Another time, someone saw her from the back, and asked, “Are you sure you aren’t having twins? You look like you are.”
“You wouldn’t comment on a non-pregnant woman’s body, so why does that change when someone is pregnant?” Tilbrook continues. “You wouldn’t touch someone’s belly who isn’t pregnant, (so) why touch the belly of someone who is?”
It’s even more difficult when a pregnancy ends in loss. During her first two pregnancies, Greer had stillborn twin boys and a stillborn daughter, which prompted strange and awkward questions from friends and family: Was it something you did? Why do you talk about “them”? Since you won’t be using your baby clothes, can I give them to my daughter?
“For someone who has experienced loss before — help the parents remember their lost (child or children), not forget them,” Greer says. “Understand that this pregnancy may not be fun and exciting, but stressful and scary.”
With so many women facing this stuff, it’s time for a reality check — so we asked local etiquette gurus — including Orr, Louise Fox, owner of the Etiquette Ladies, and the Star’s etiquette expert Karen Cleveland — for their advice on the dos and don’ts of pregnancy politeness.

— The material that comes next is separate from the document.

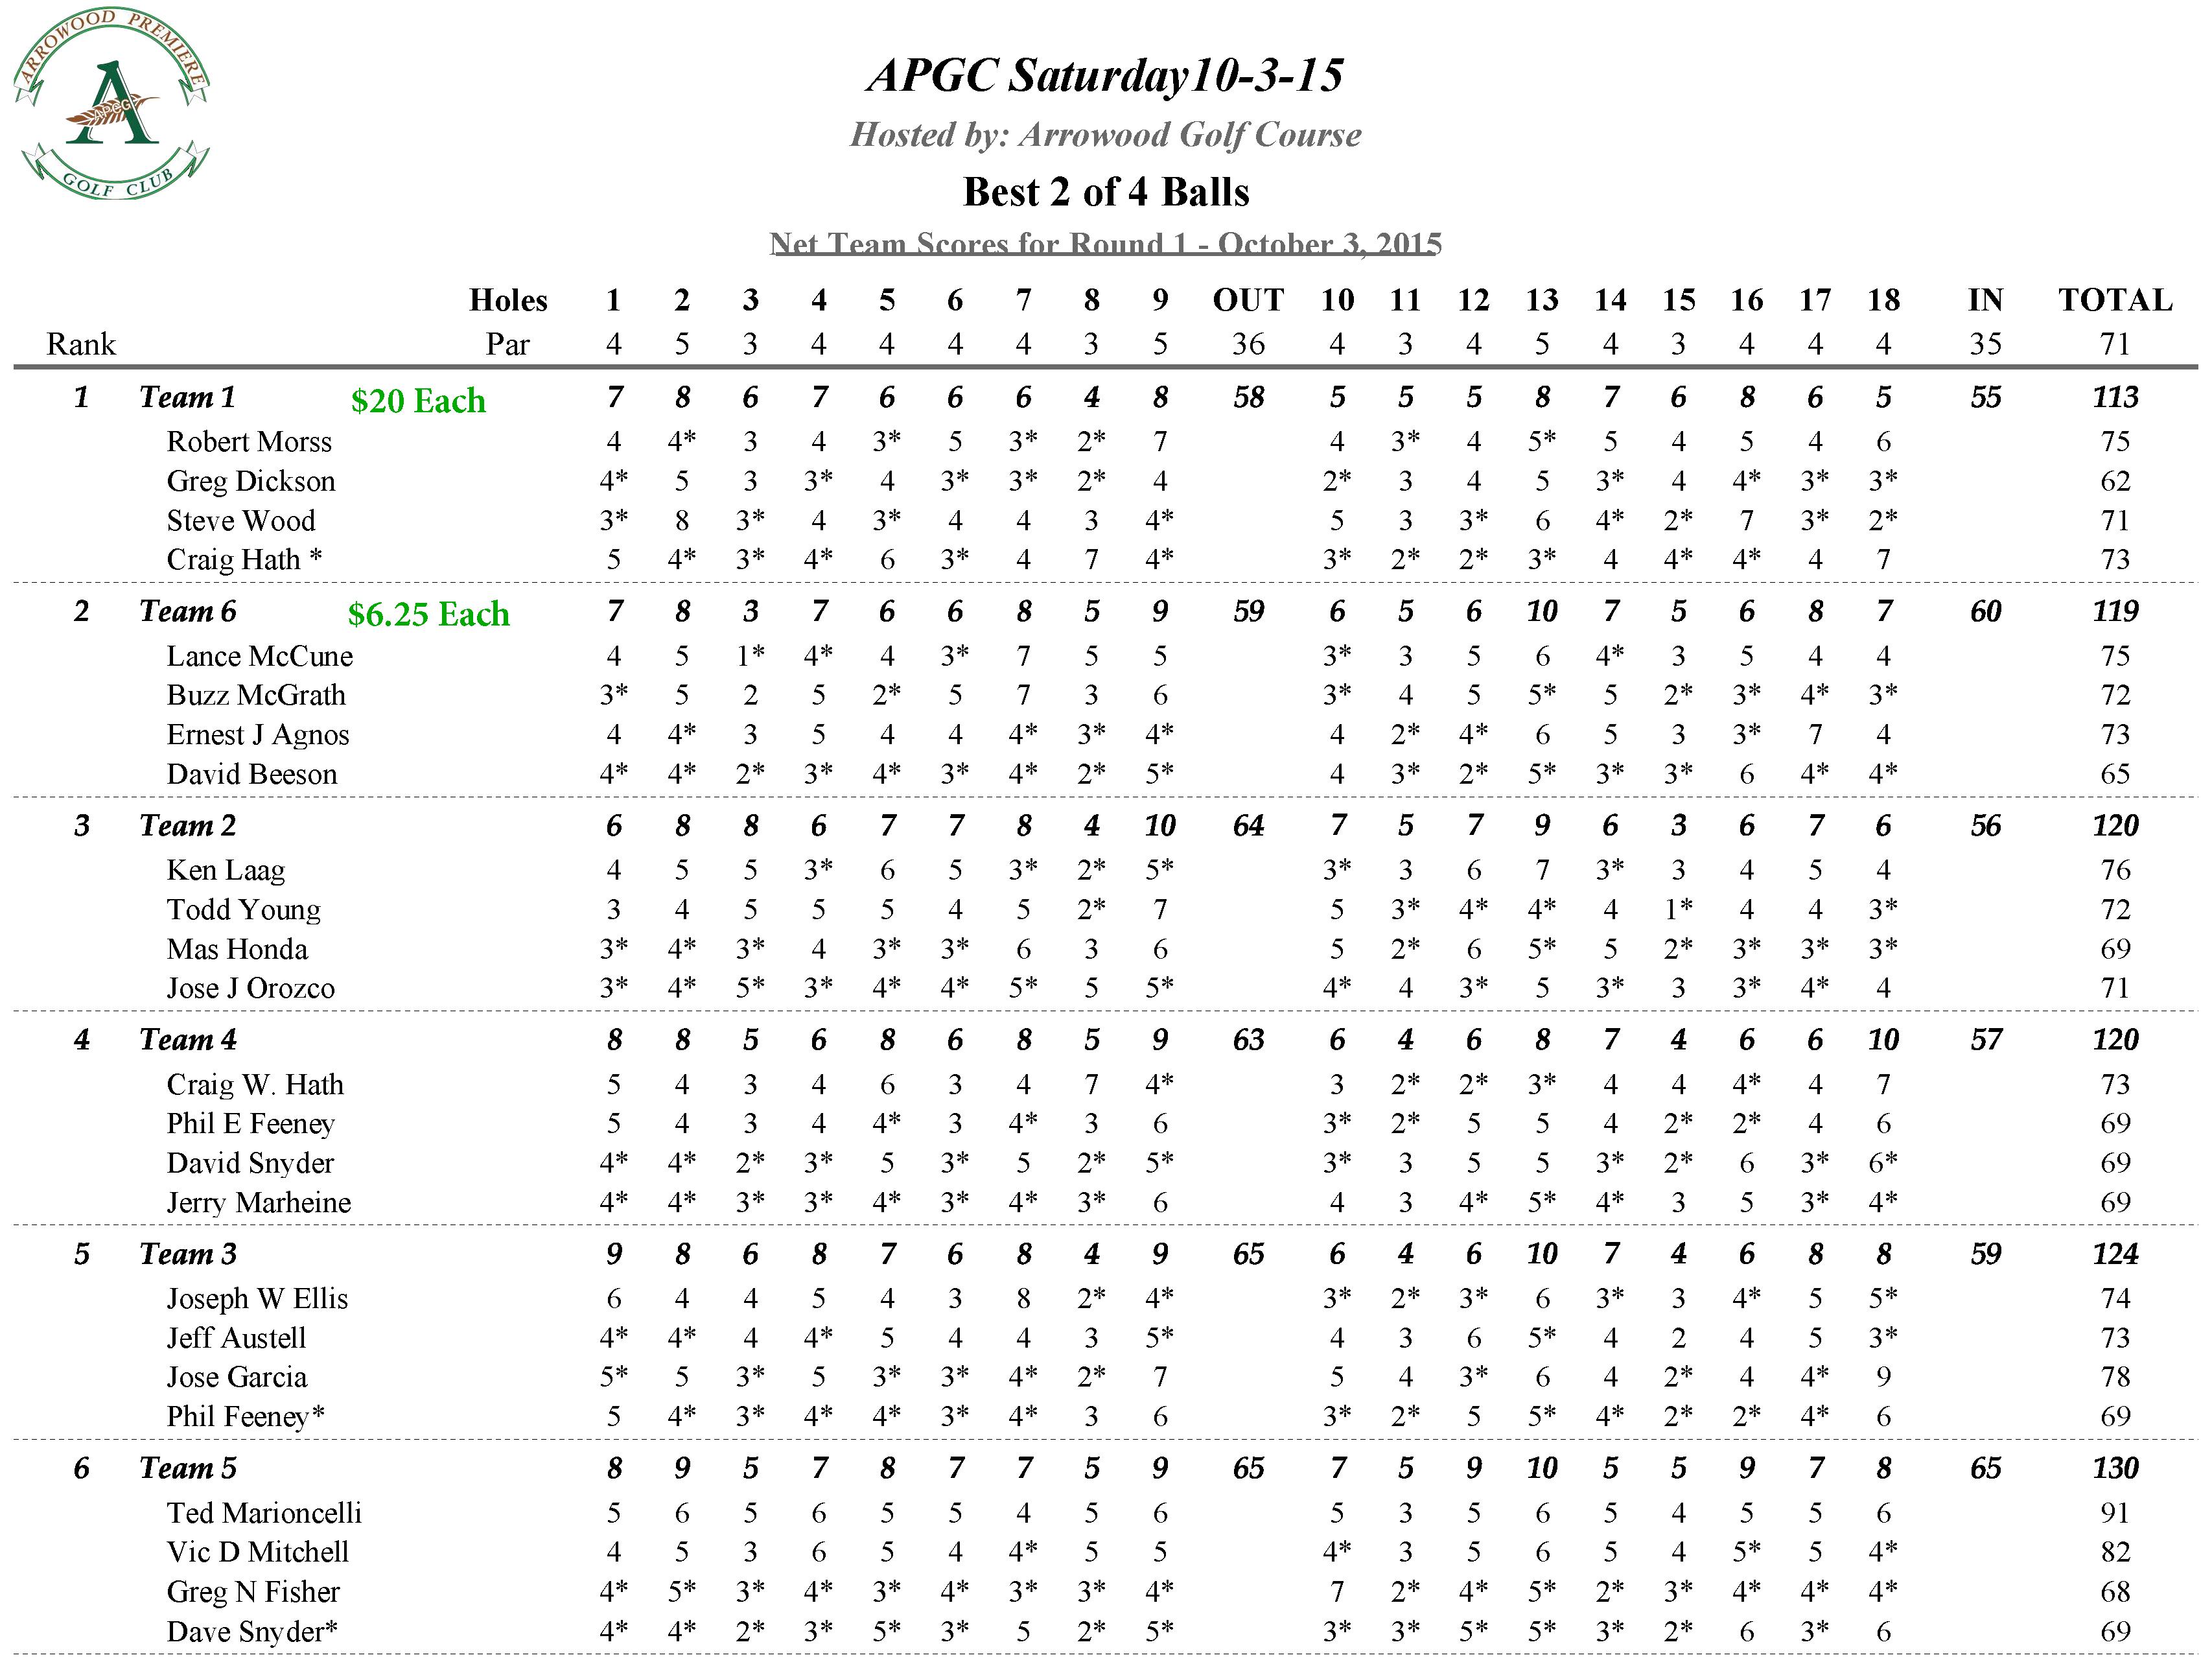 APGC Saturday 10-3-15

Don’t touch her belly. It might be tempting to reach out and rub a pregnant woman’s belly, but this rule is simple: Don’t do it. “Any kind of uninvited touching is inappropriate, whether it’s your best friend or some stranger,” says Fox. Even asking to touch someone can be awkward, so it’s best to wait for a mom to offer (and if she doesn’t — back off.)

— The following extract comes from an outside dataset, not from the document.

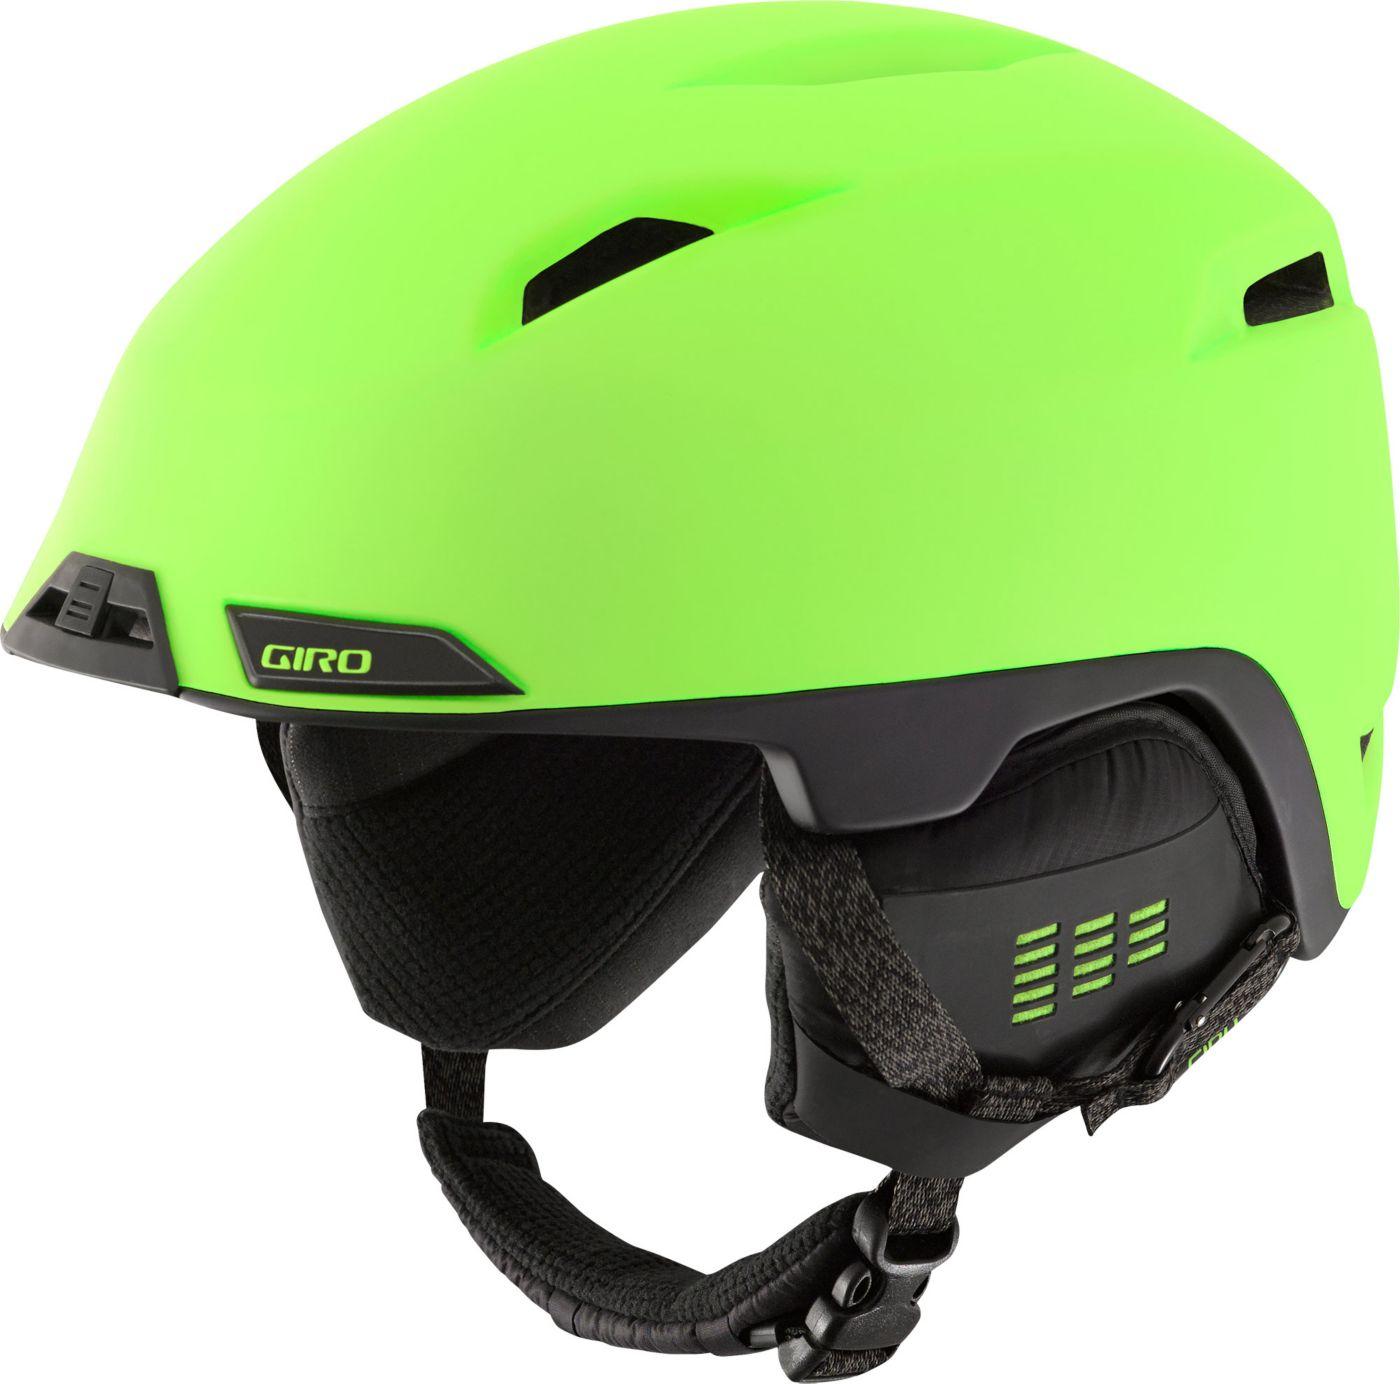 Giro Adult Edit Snow Helmet

Don’t offer unsolicited advice. “Don’t tell her how amazing or awful your birth was. Or whether she should have a midwife, a doula, be in a hospital or go hug a tree,” says Cleveland. “Truly: it’s not your business.”
Don’t comment on her size. Whether it’s her body size or the shape of her baby bump, just zip your lips, according to Orr. “It’s going to land in a negative way, and you’re making a lot of judgments,” she adds. “If you need to comment on their appearance, just say they look fabulous.”
Don’t ask when she’s due. One of the biggest mistakes you can make is asking someone’s due date, says Fox. “But maybe they’re not due,” she says. “Maybe they’re just a large person, or they put on weight, or they already had the baby.” It’s a recipe for awkwardness at best — and being totally insensitive and offensive at worst — so just avoid asking in the first place.
Do give up your seat. Offering pregnant women a seat on public transit is both a polite gesture and a bylaw, says etiquette and protocol consultant Lisa Orr. And that means speaking up and encouraging people to offer a seat even if you’re standing. “Even if the person doesn’t give up their seat, the pregnant woman has a much better day,” says Orr.
Do offer to help. If someone close to you says they’re having a baby, offer to help, be it giving them a ride if needed or babysitting when the bundle of joy arrives, suggests Fox.
Do take cues from the mom. “If she’s not taking the conversation too deep or intimate a place, follow her lead,” says Cleveland. And if you’re not sure what to say, keep it simple. “(Tell) the beautiful mom-to-be how awesome she looks and wish her the best of luck.”